Ruby comments on Towards more cooperative AI safety strategies

Ruby 21 Jul 2024 4:29 UTC
3 points
0
I’m confused about your question. I am not imagining that the pivotal act AI (the AI under discussion) does any of those things.
- Eli Tyre 21 Jul 2024 4:47 UTC
  2 points
  0
  Parent
  I am not imagining that the pivotal act AI (the AI under discussion) does any of those things.
  Right, but I’m asking about what you’re visualization of a Friendly AI as described in the sequences, not a limited AGI for a pivotal act.
  
  I’m confused by your confusion! Are you saying that that’s a non-sequitur, because I’m asking about a CEV-sovereign instead of a corrigible, limited genie or oracle?
  
  It seems relevant to me, because both of those were strategic goals for MIRI at various points in it’s history, and at least one of them seem well characterized as “taking over the world” (or at least something very nearby to that). Which seems germane to the discussion at hand to me.
  - Ruby 21 Jul 2024 5:05 UTC
    2 points
    0
    Parent
    I would be surprised if a Friendly AI resulted in those things being left untouched.
    
    I think that is germane but maybe needed some bridging/connecting work since this thread so far was about MIRI-as-having-pivotal-act-goal. Whereas I was less sure about whether MIRI itself would enact a pivotal act if they could than Habryka, my understanding was they had no plan to create a sovereign for most of their history (like after 2004) and so doesn’t seem like that’s a candidate for them having a plan to take over the world.
    - Eli Tyre 21 Jul 2024 5:19 UTC
      3 points
      1
      Parent
      my understanding was they had no plan to create a sovereign for most of their history (like after 2004)

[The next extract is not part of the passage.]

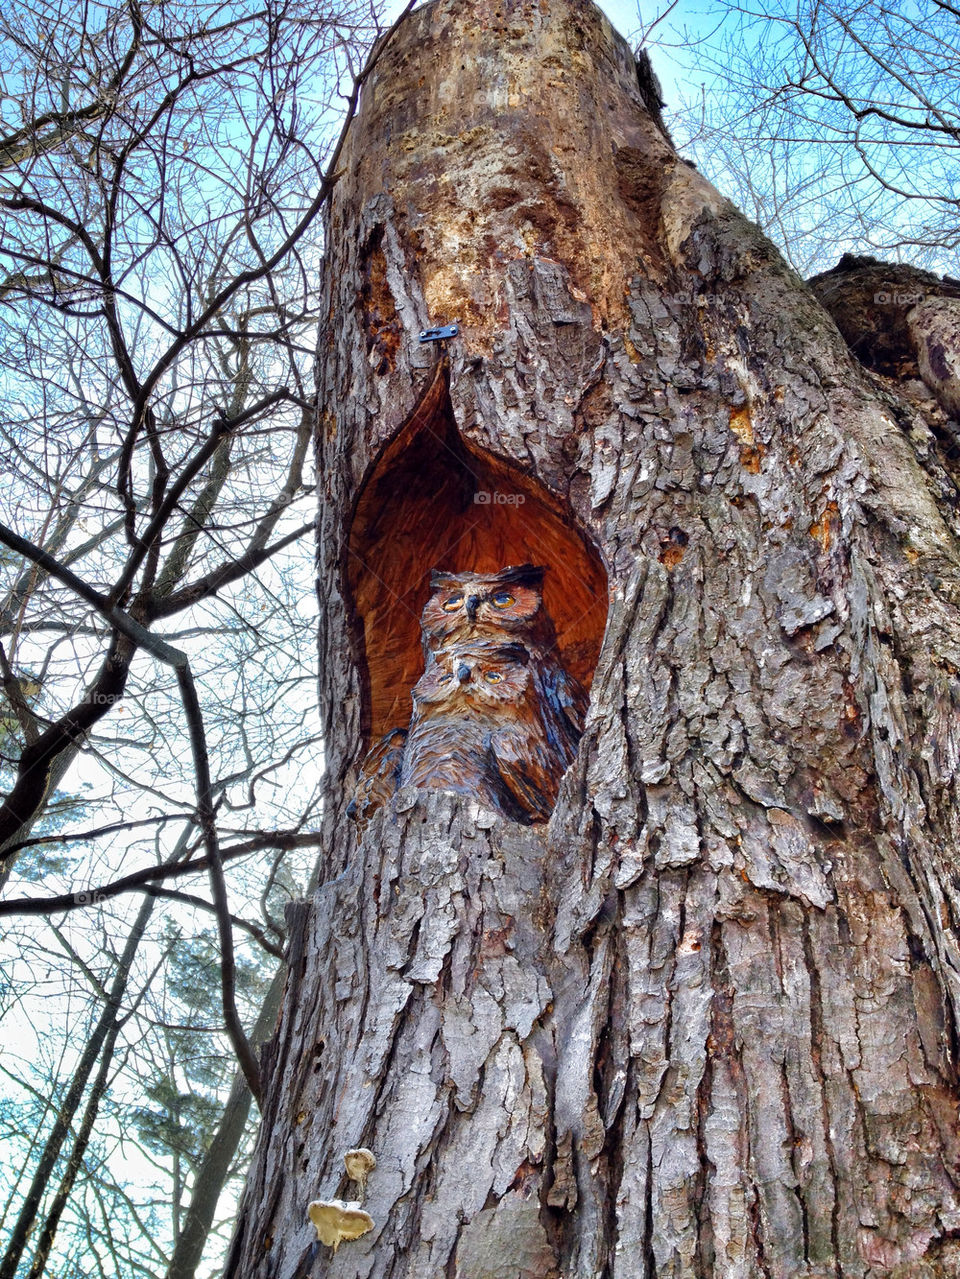 Low angle view of owl art in tree

      Yeah, I think that’s false.
      
      The plan was “Figure out how to build a friendly AI, and then build one”. (As Eliezer stated in the video that I linked somewhere else in this comment thread).
      
      But also, I got that impression from the Sequences? Like Eliezer talks about actually building an AGI, not just figuring out the theory of how to build one. You didn’t get that impression?
      - Ruby 21 Jul 2024 5:33 UTC
        4 points
        2
        Parent
        I don’t remember what exactly I thought in 2012 when I was reading the Sequences. I do recall sometime later, after DL was in full swing, it seeming like MIRI wasn’t in any position to be building AGI before others (like no compute, not the engineering prowess), and someone (not necessarily at MIRI) confirmed that wasn’t the plan. Now and at the time, I don’t know how much that was principle vs ability.
        Ruby 21 Jul 2024 5:42 UTC
        2 points
        0
        Parent
        My feeling of the plan pre-pivotal-act era was “figure out the theory of how to build a safe AI at all, and try to get whoever is building to adopt that approach”, and that MIRI wasn’t taking any steps to be the ones building it. I also had the model that due to psychological unity of mankind, anyone building an aligned[ with them] AGI was a good outcome compared to someone building unaligned. Like even if it was Xi Jinping, a sovereign aligned with him would be okay (and not obviously that dramatically different from anyone else?). I’m not sure how much this was MIRI positions vs fragments that I combined in my own head that came from assorted places and were never policy.
        Eli Tyre 21 Jul 2024 18:39 UTC
        3 points
        0
        Parent
        Well, I can tell you that they definitely planned to build the Friendly AI, after figuring out how.
        
        See this other comment.
        Ruby 21 Jul 2024 19:17 UTC
        2 points
        0
        Parent
        Pretty solid evidence.